Preparation: Use only the amount of dried shuck beans you need (a little makes a lot) and soak, covered, in water overnight. Drain beans, rinse, and put into large cooking pot. Cover beans with water, boil for 1 hour, drain and rinse again. Put cold water above level of beans in the kettle and add salt pork that has been cut into bite-sized pieces. Cook an hour or two more, or until beans plump up and become tender. Cook the water down until beans are almost dry. Serve with cornbread and sliced raw onions, if desired.

Reviews (2)

  • These are called leather britches. I've threaded many a half runner bean and hung 4 or 5 strands on several coat hangers to dry either in the sun or a warm dry place. My grandmother and my mother taught me this wonderful method of preserving beans to last the winter. As the previous reviewer mentioned we often saved them for special occasions as they are a treat!
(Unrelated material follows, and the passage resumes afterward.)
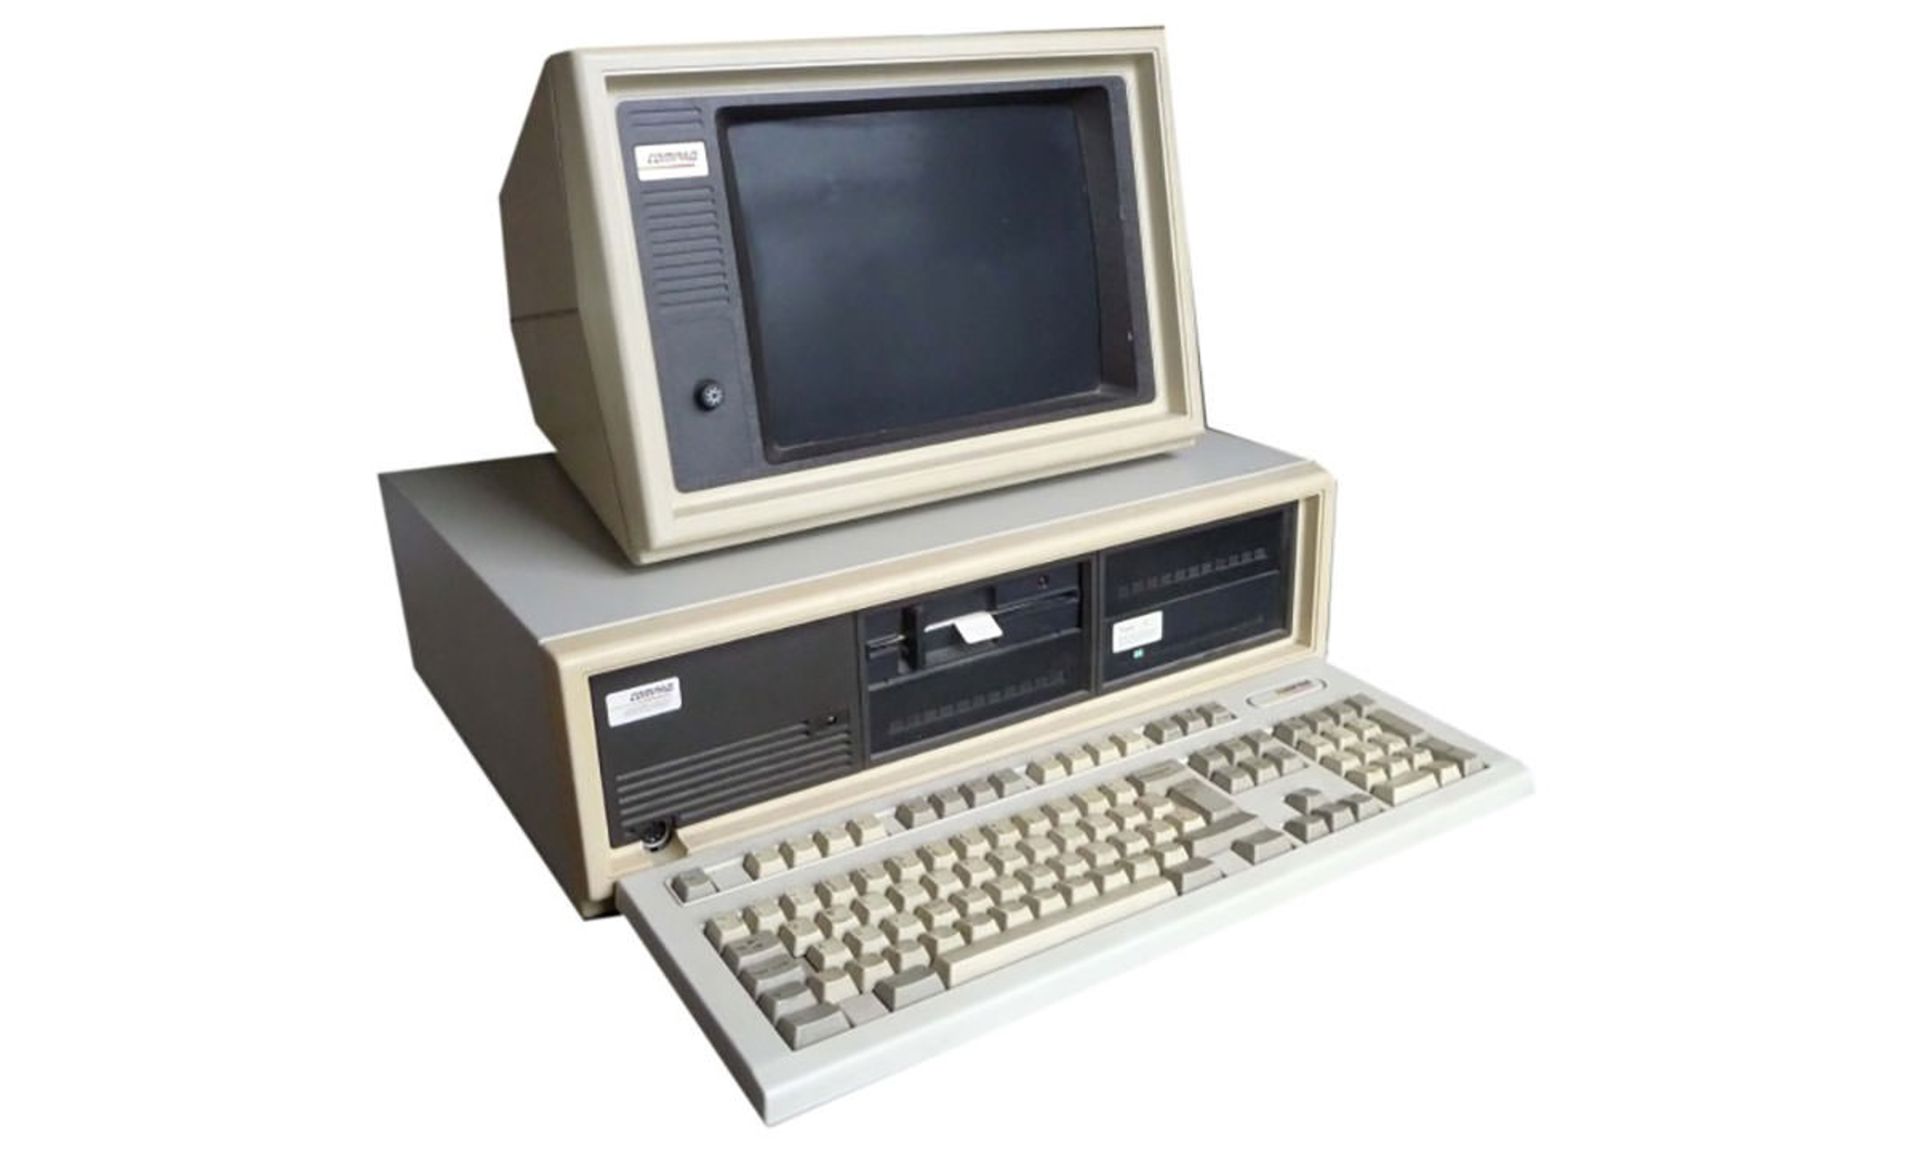 کامپیوتر کامپک Deskpro Model 1

Reading this recipe reminded me that I have a 'mess' of beans left that needs to be cooked. Yummy! Thanks for this post!

    Flag as inappropriate s_march  |  February 22, 2011

  • Wow what a great memory this recipe brought back of sitting on the porch with my grandmother threading beans with a needle and thread. She would hang them from the porch to dry in the sun and they looked so pretty twirling in the gentle summer breeze in Hyden Ky. She would store them away for special dinners like Christmas and Thanksgiving.